I was reading Joseph Tardo’s (Nevis Networks) new Illuminations blog and found the topic of his latest post ""Built-in, Overlay or Something More Radical?" regarding the possible future of network security quite interesting.

Joseph (may I call you Joseph?) recaps the topic of a research draft from Stanford funded by the "Stanford Clean Slate Design for the Internet" project that discusses an approach to network security called SANE.   The notion of SANE (AKA Ethane) is a policy-driven security services layer that utilizes intelligent centrally-located services to replace many of the underlying functions provided by routers, switches and security products today:

Ethane is a new architecture for enterprise networks which provides a powerful yet simple management model and strong security guarantees.  Ethane allows network managers to define a single, network-wide, fine-grain policy, and then enforces it at every switch.  Ethane policy is defined over human-friendly names (such as "bob, "payroll-server", or "http-proxy) and  dictates who can talk to who and in which manner.  For example, a policy rule may specify that all guest users who have not authenticated can only use HTTP and that all of their traffic must traverse a local web proxy.

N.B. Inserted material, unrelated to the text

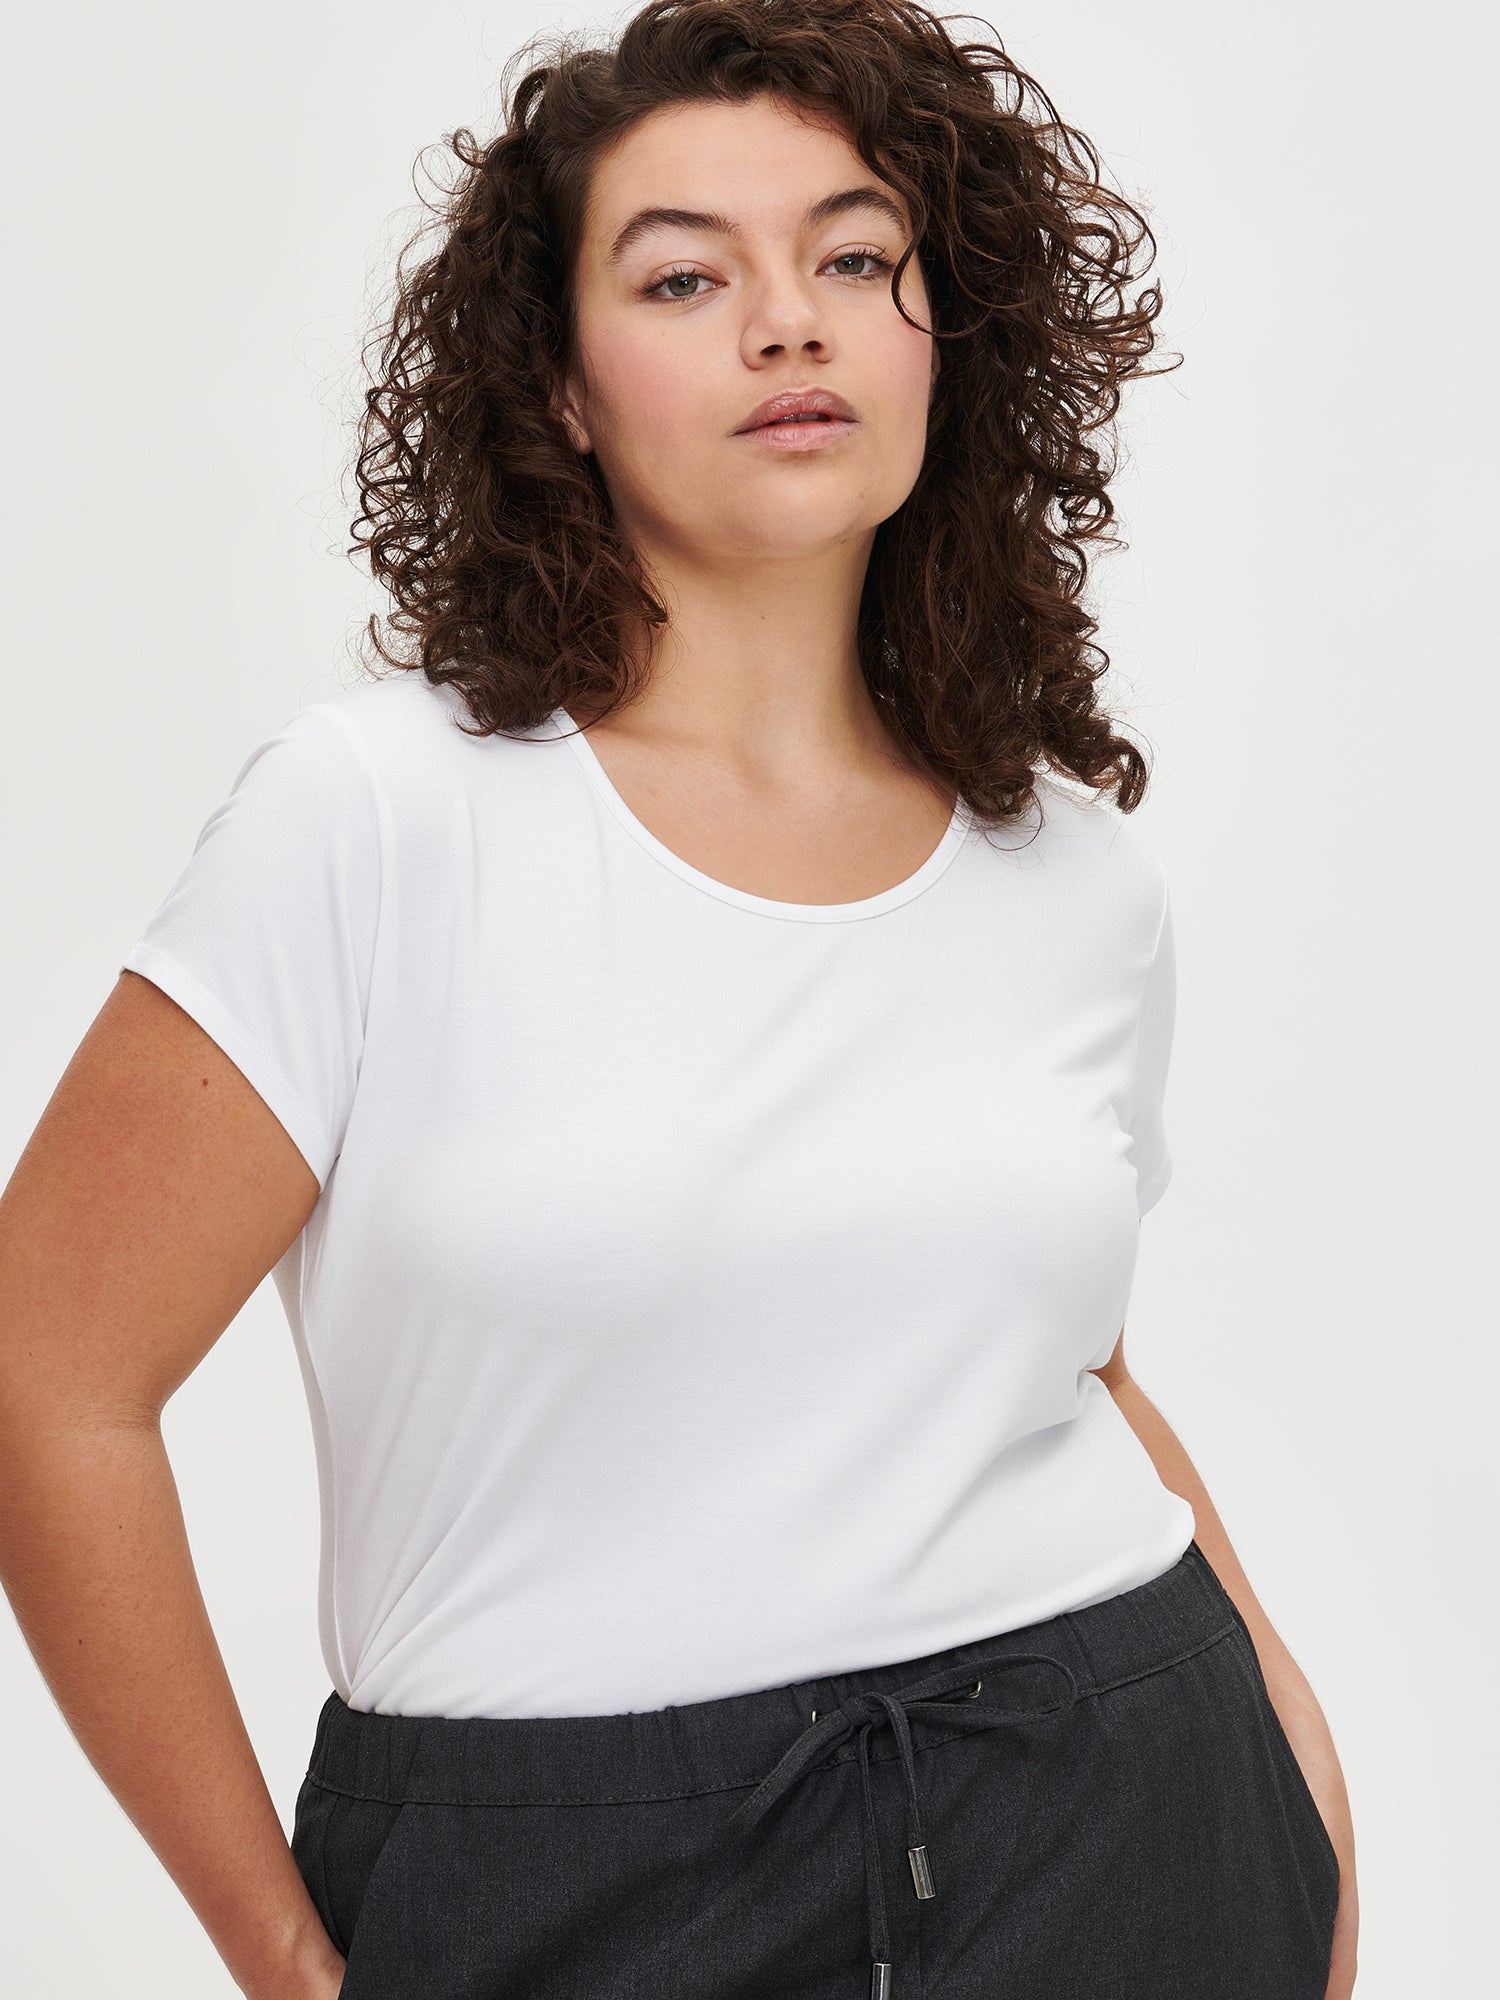 Naisten yksivärinen valkoinen Viskoosi Basic t-paita pyöreällä pääntiellä.

Ethane has a number of salient properties difficult to achieve
with network technologies today.  First, the global security policy is enforced at each switch in a manner that is resistant to poofing.  Second, all packets on an Ethane network can be
attributed back to the sending host and the physical location in
which the packet entered the network.  In fact, packets collected
in the past can also be attributed to the sending host at the time the packets were sent — a feature that can be used to aid in
auditing and forensics.  Finally, all the functionality within
Ethane is provided by very simple hardware switches.
      

The trick behind the Ethane design is that all complex
functionality, including routing, naming, policy declaration and
security checks are performed by a central controller (rather than
in the switches as is done today).  Each flow on the network must
first get permission from the controller which verifies that the
communicate is permissible by the network policy.  If the controller allows a flow, it computes a route for the flow to
take, and adds an entry for that flow in each of the switches
along the path.
      

With all complex function subsumed by the controller, switches in
Ethane are reduced to managed flow tables whose entries can only be populated by the controller (which it does after each succesful permission check).  This allows a very simple design for Ethane
      switches using only SRAM (no power-hungry TCAMS) and a little bit
of logic.
   

I like many of the concepts here, but I’m really wrestling with the scaling concerns that arise when I forecast the literal bottlenecking of admission/access control proposed therein.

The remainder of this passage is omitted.